● **WHAT IS BEING ASKED**
Whatever lies between the line with "What is the" and the end of the data, both included, must be copied exactly and without pictures.

(Saved data entries)
[Start of section]

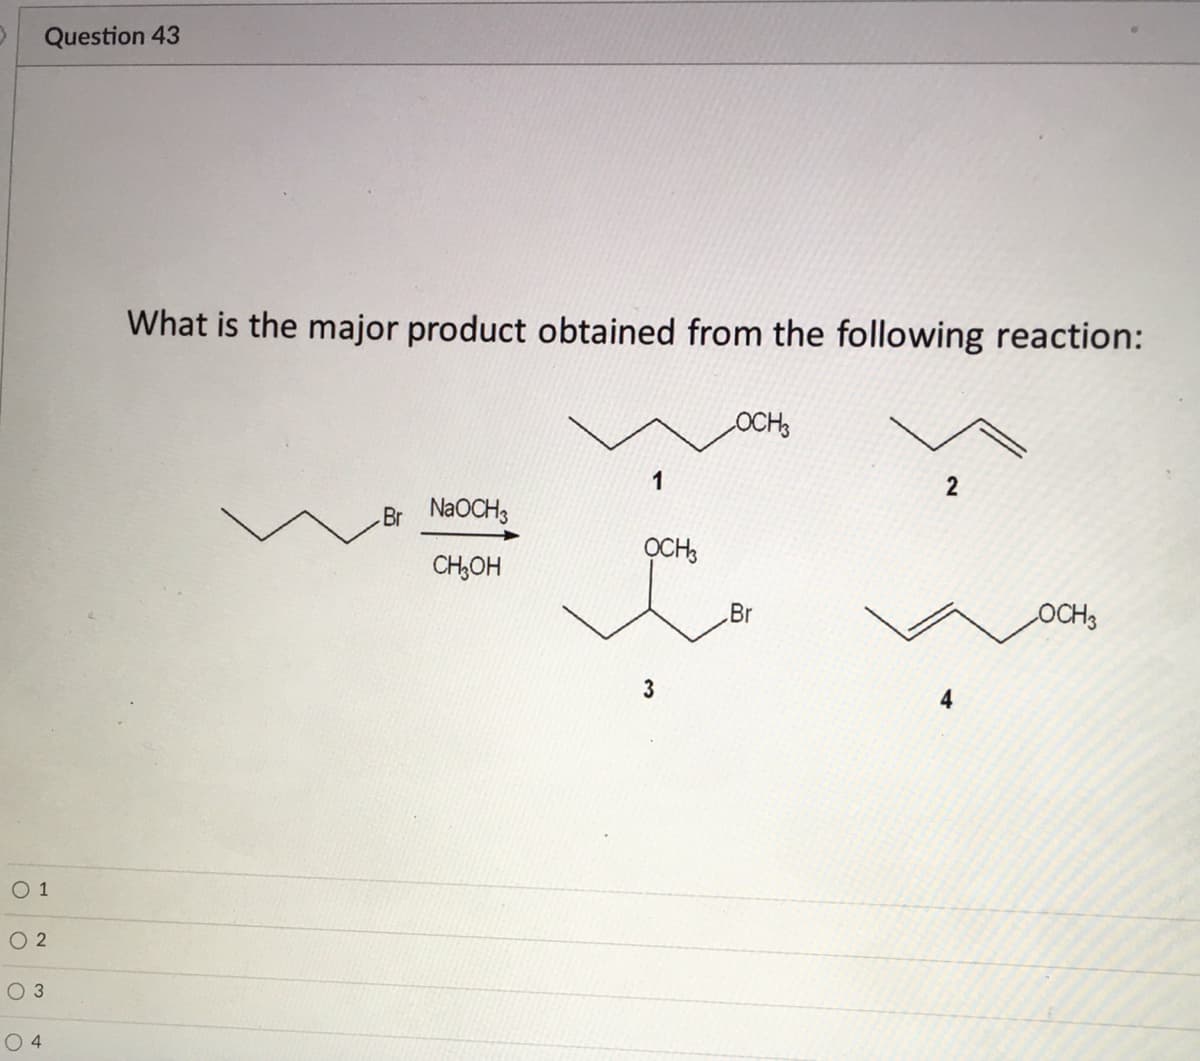 Question 43
What is the major product obtained from the following reaction:
OCH
1
2
Br NaOCH3
OCH,
CH,OH
Br
OCHS
3
O 1
O 2
O 3
O 4
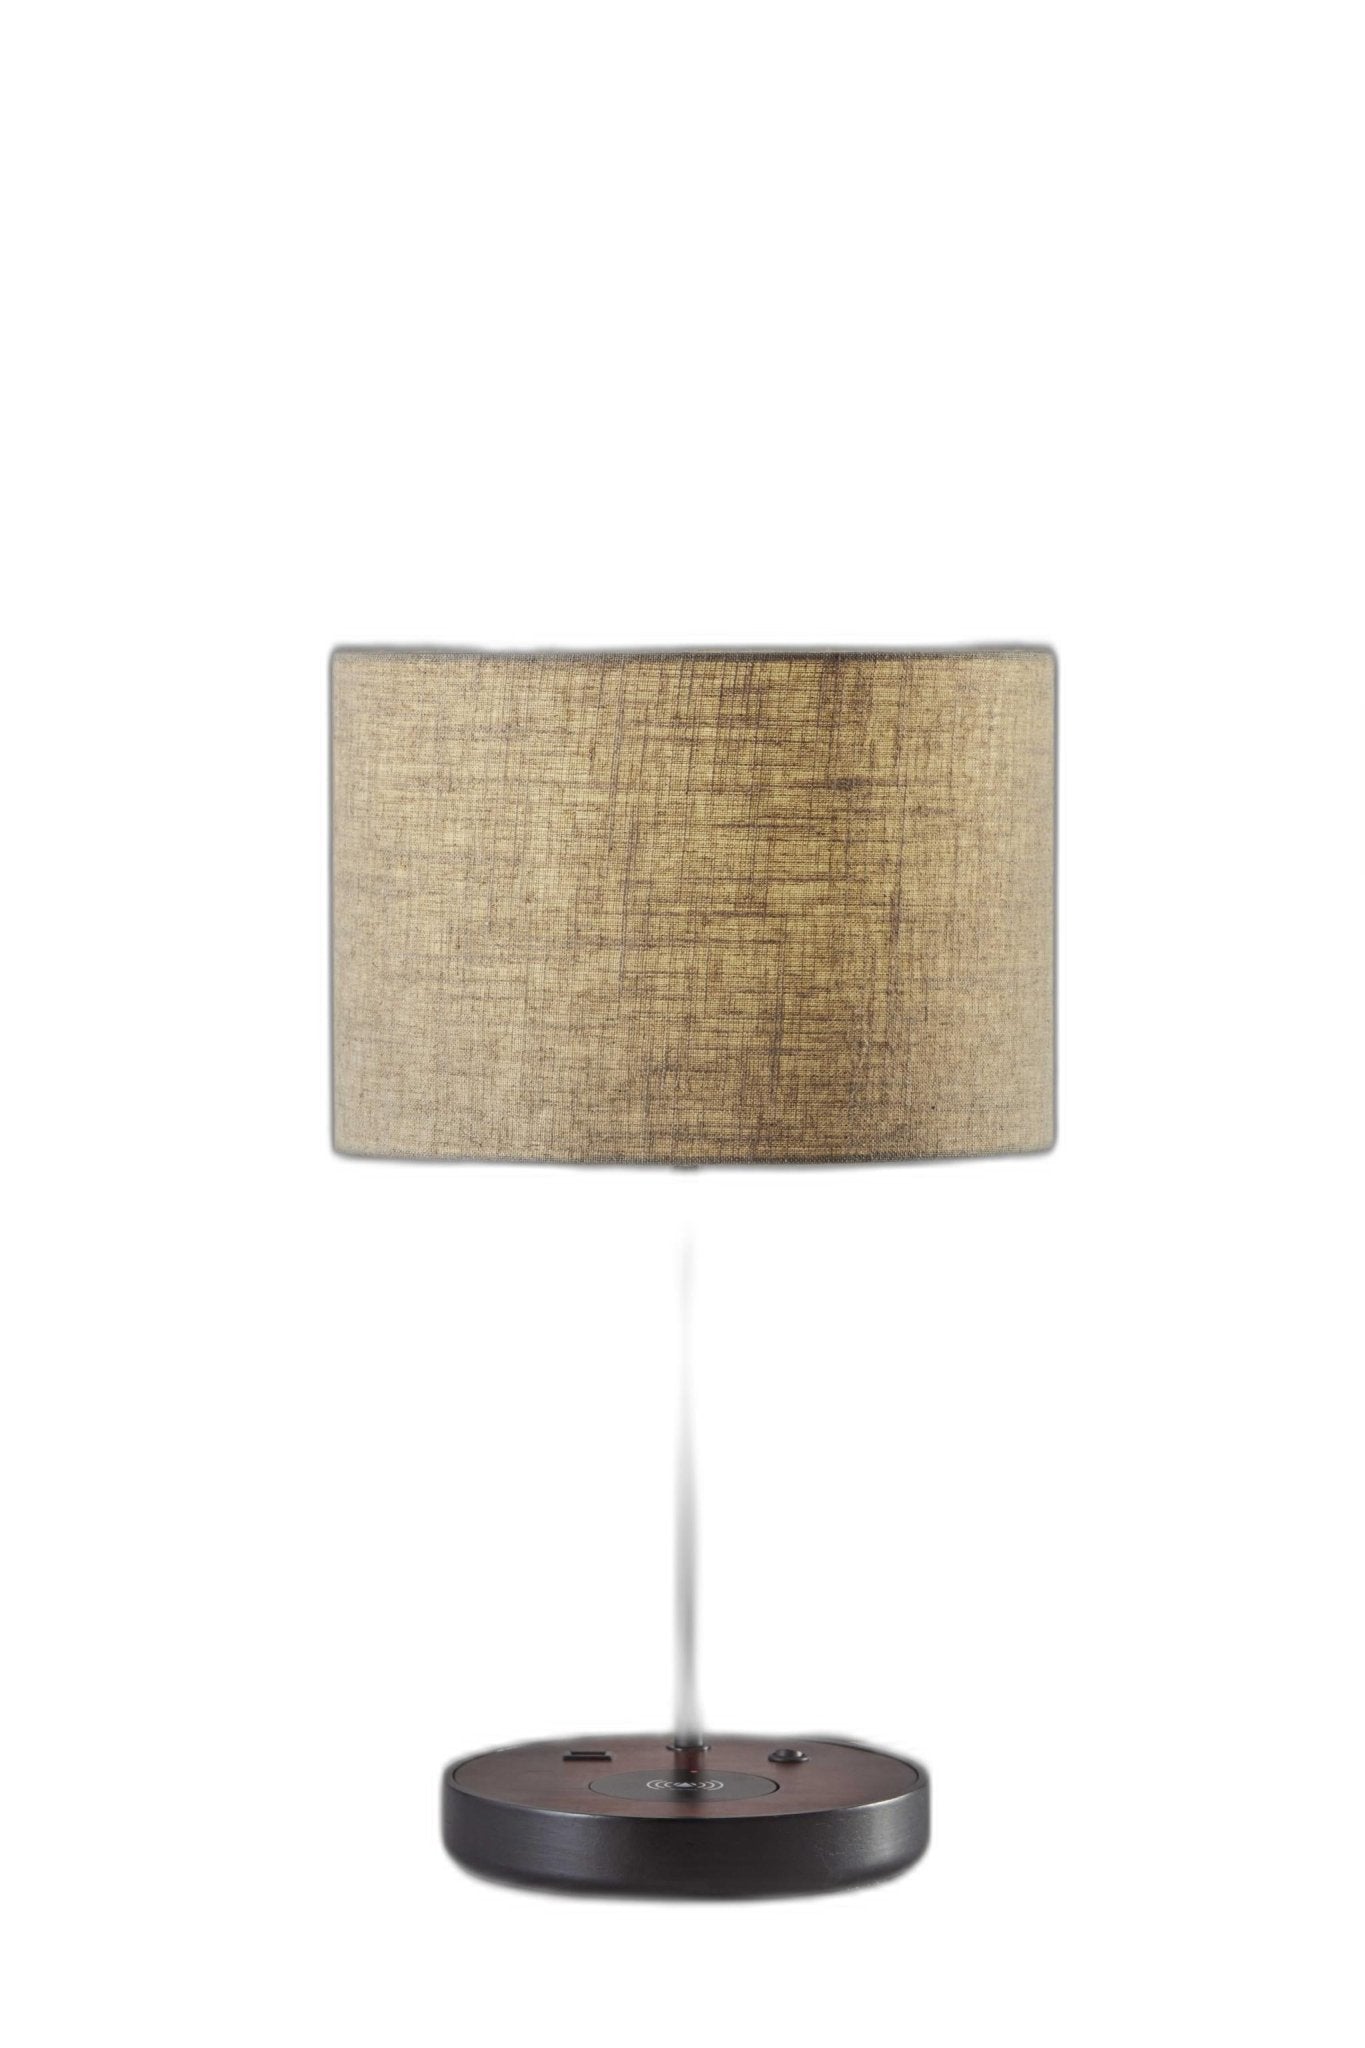 Matte Black Metal Wood Wireless Charging Table Lamp - Tuesday Morning-Table Lamps

[End of section]

● **WRITTEN ANSWER**
What is the major product obtained from the following reaction:
OCH
1
2
Br NaOCH3
OCH,
CH,OH
Br
OCHS
3
O 1
O 2
O 3
O 4
 Matte Black Metal Wood Wireless Charging Table Lamp - Tuesday Morning-Table Lamps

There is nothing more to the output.